It's way past the time to walk away from print.


Paul Conley By Paul Conley
04/14/2008 -16:51 PM






Things are awful and getting worse.

That's my conclusion about b-to-b publishing, as yet another company takes drastic measures after finding it can't carry an absurd debt load in a recessionary economy.

In an e-mail to employees, Penton CEO John French announced a company-wide salary and hiring freeze. He also requested ideas on cutting costs. John also "asked for a complete reforecast from all of our product managers, including a restated revenue forecast and a projected expense forecast for the remainder of 2008." That process should be completed by the end of the month, at which time John promised to report back to the staff "on our findings." [SEE RELATED: Penton Media Announces Hiring, Salary Freeze, Company-Wide Revenue Reforecasting]

Penton's announcement comes in the wake of a slew of bad news in our industry. And when I add up these events, I see catastrophe.

I don't want to sound too dramatic, but I've gone from being worried to being worried sick. Much of b-to-b publishing, weighed down by the twin albatrosses of junk bonds and rising print costs, has sunk into a death spiral.

Consider the news of the past few days:

  1. Northstar Travel Media announced yesterday that it's for sale. Boston Ventures, the private equity company that bought Northstar from Reed Elsevier in 2001, has apparently had enough. The Northstar sale will take place in a particularly tough environment.
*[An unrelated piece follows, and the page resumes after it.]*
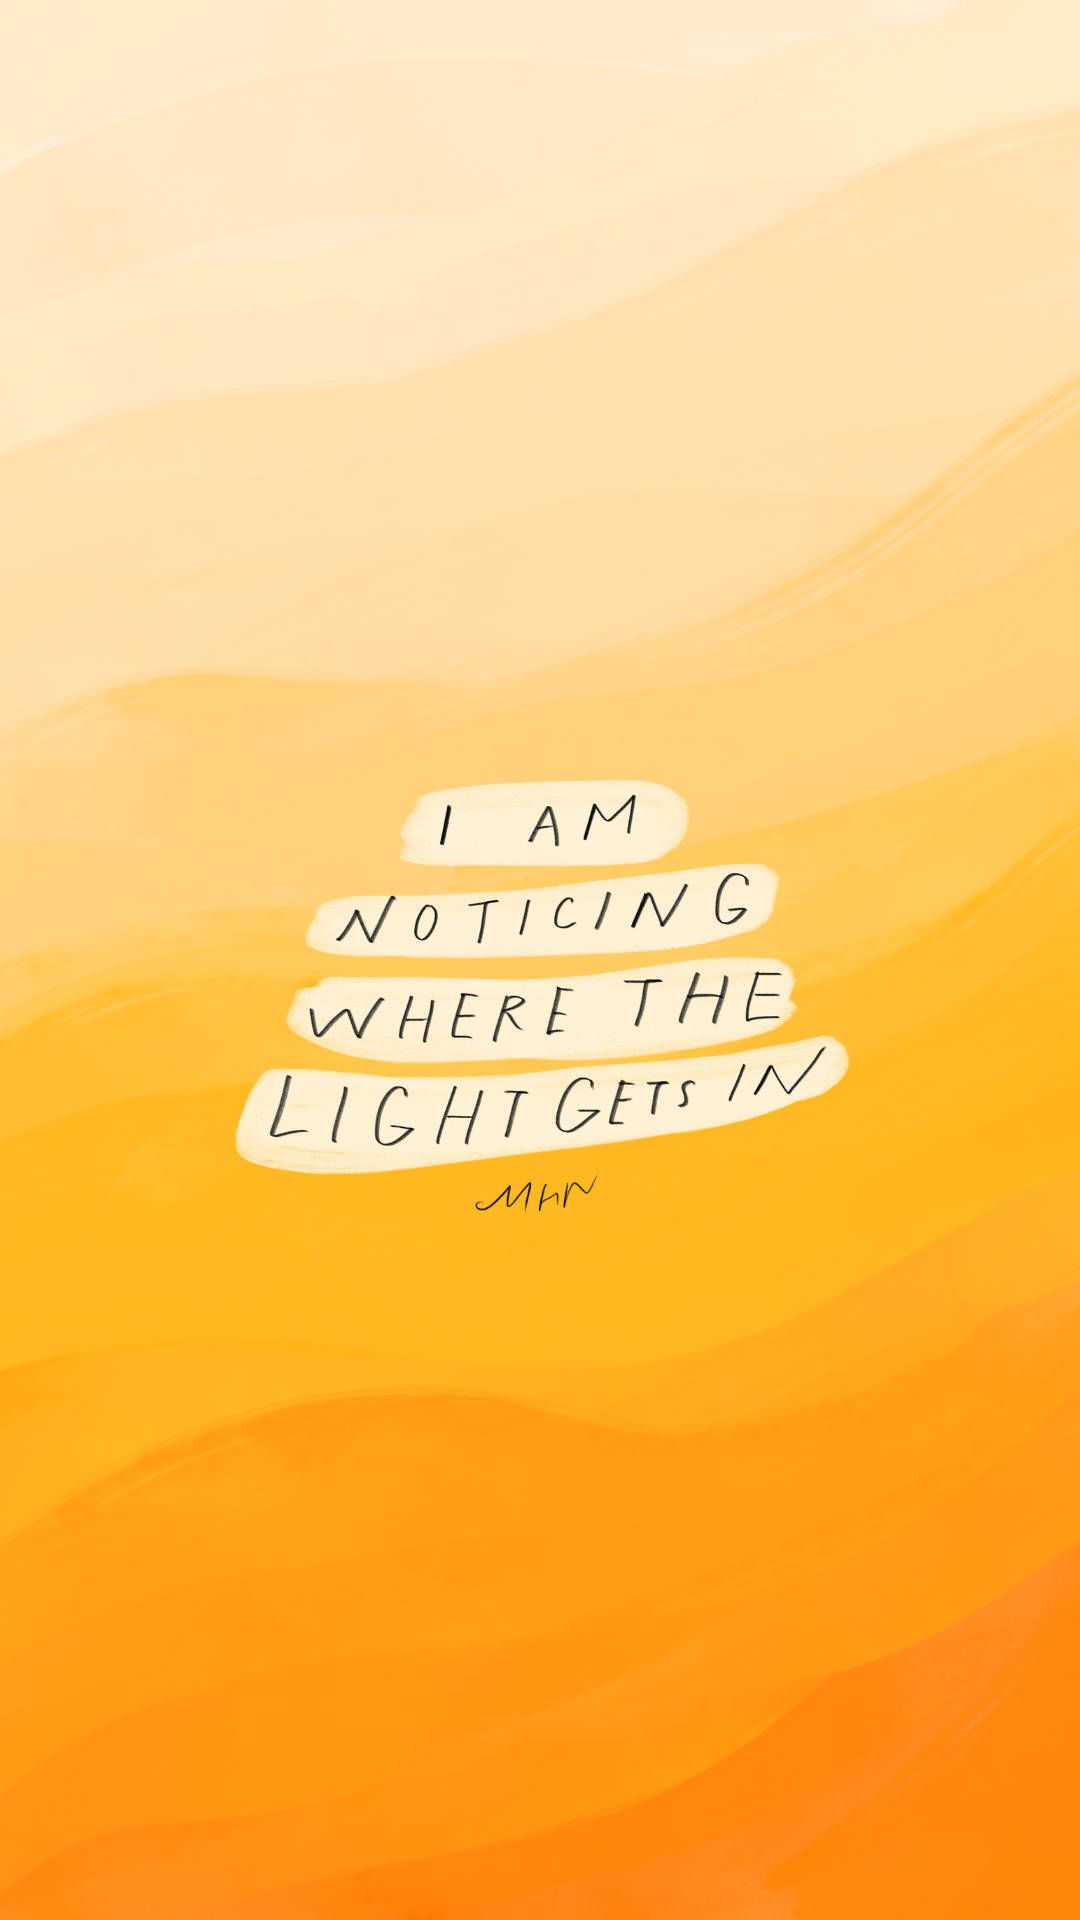 A quote that says i am noticing where the light is in - Light yellow

There's already a ton of b-to-b properties on the market—including Reed Business Information, the U.S. b-to-b unit of Reed Elsevier.
  2. Among the b-to-b companies languishing on the shelf is Ziff Davis Media. Late last year, Ziff managed to sell its most valuable properties. This week the new owner of those properties, Ziff Davis Enterprises, announced companywide layoffs. It's also worth noting that both Ziff Davis Media and ZDE have recently gone back on the promise to cease the unethical use of in-edit advertising—a sure sign of desperation and idiocy.
  3. Earlier this week Nielsen Business Media announced another series of layoffs. It's still unclear just how many jobs were cut in this round. But news reports put the total loss of jobs at the former VNU at around 4,000 in the past year. Over at Penton, there are some exceptions to the hiring freeze.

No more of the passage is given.